The Wells Fargo Center (90 South 7th St), formerly known as Norwest Center, is the third-tallest building in Minneapolis, Minnesota, after the IDS Center and the Capella Tower. Completed in 1988, it is 774 ft tall. For many years, this was believed to be one foot shorter than Capella, but that structure actually had a different height (see the Capella Tower article for details). Norwest Center was designed with a modernized art deco style by César Pelli, reflecting nearby structures such as the nearby CenturyLink Building and the Foshay Tower, which is several blocks away. It is also considered by many to be a homage to 30 Rockefeller Plaza in New York City.
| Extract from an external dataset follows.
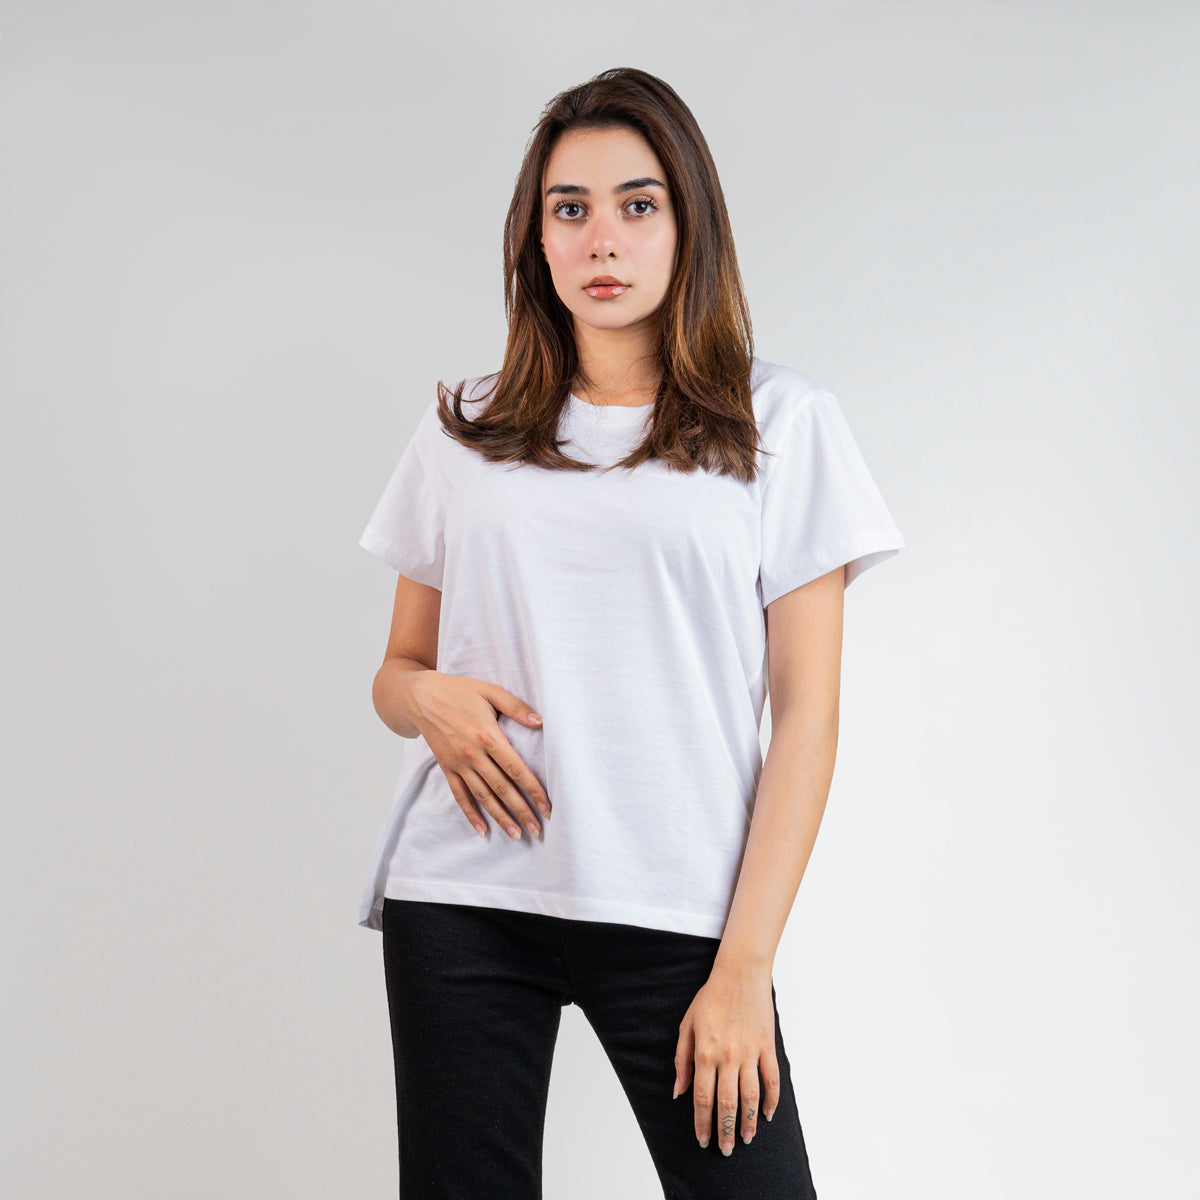 Regular Fit BASIC CREW NECK  White T-Shirt

Wells Fargo Center sits on the site of the old Northwestern National Bank Building, which was damaged in a fire in 1982 and imploded two years later. The original design called for a 45-story tower with a square footprint that would have been crowned the tallest building in Minneapolis; however, the site was halved in size, requiring the building's design to be changed to what it is today. Northwestern National, renamed Norwest Corporation, maintained its headquarters here. Despite Norwest's adoption of the Wells Fargo identity after acquiring the latter and moving to San Francisco in 1998, significant regional operations are still maintained in this building. Other major tenants include the law firm of Faegre Drinker and the local office of accounting firm KPMG.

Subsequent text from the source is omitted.